Aoife Nessa Frances, l’Irlande sans âge
Elles sont rares, ces chansons dont on sait dès la première écoute qu’elles nous accompagneront toute notre vie. Here in the Dark fait partie de ces compositions éternelles, avec son pouvoir insensé quand s’envole le refrain; les amoureux pensent qu’ils le resteront toute leur vie, les coeurs brisés peuvent évacuer le reste de leur peine, et les autres savoureront juste le miracle d’être toujours en vie. Son auteure en dit simplement ceci: «C’est une chanson qui parle du combat qu’on doit mener quand on est toujours amoureuse de quelqu’un. De comment se rendre vulnérable pour pouvoir aimer quelqu’un et être aimée en retour. De toutes ces choses qui arrivent dans le feu de l’action, sans qu’on comprenne pourquoi ni comment. La mélodie et les paroles me sont venues d’un seul coup.»
Aoife (prononcer «iifa») Nessa Frances est intarissable sur la poésie et le mystère qui habillent chacune des neuf chansons de son premier album. Elle n’arrive pas en revanche à s’enfermer dans une case – folk, psychédélique, alternatif? – et c’est bien normal: c’est le plus singulier de tous les disques qu’on a écoutés cette année, sans qu’on puisse vraiment l’expliquer au premier abord. Jusque dans son titre, lieu de vacances gallois de son producteur (Llandudno Junction) qu’elle a mal entendu et retranscrit en Land of No Junction pour en faire une porte ouverte à toutes les imaginations. «C’est un lieu à peine perceptible, un vaste paysage sombre à visiter en rêve. Un endroit pour attendre, où je pourrais m’asseoir dans l’incertitude et l’accepter. Refouler ce qui est trop net, et se réjouir de l’inconnu et de l’entre-deux», décrit-elle.

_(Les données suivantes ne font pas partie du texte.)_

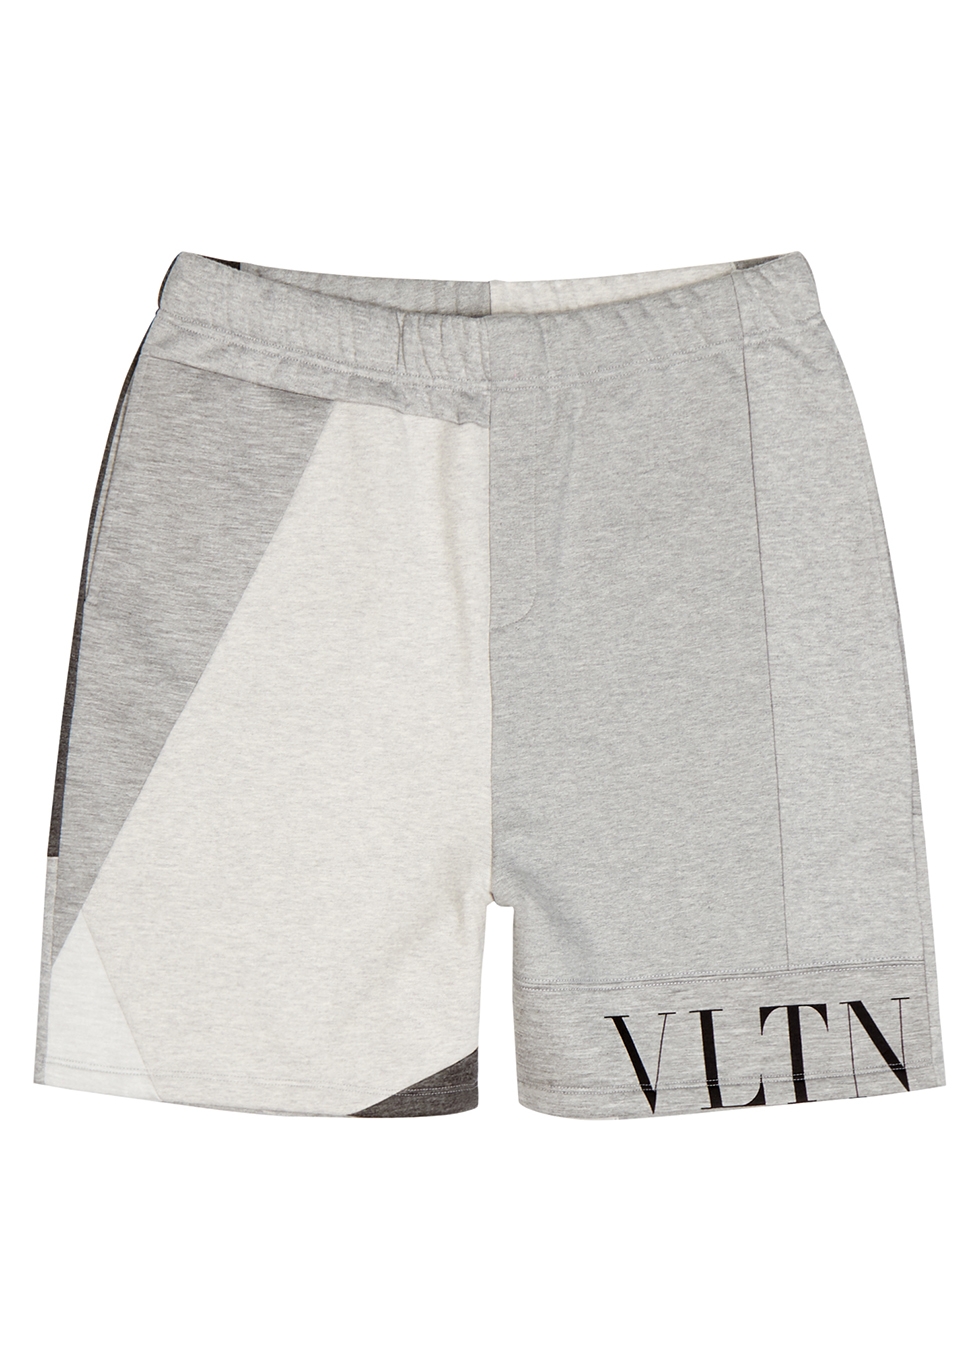 VLTN grey panelled shorts

Née dans un milieu très créatif – mère actrice et thérapeute holistique, père facteur de violons –, la jeune Irlandaise est une âme torturée mais joueuse, emballée par l’écriture instinctive et ses mots sans queue ni tête qui finissent par générer un univers à part: «Il y a toujours ce beau moment, à l’origine, où les mots finissent par débarquer. Après coup, je n’ai pas nécessairement l’impression d’avoir écrit la chanson moi-même. Elle vient de cet autre endroit.» Le subconscient semble avoir pris le pouvoir chez elle. Il ne doit le rendre sous aucun prétexte.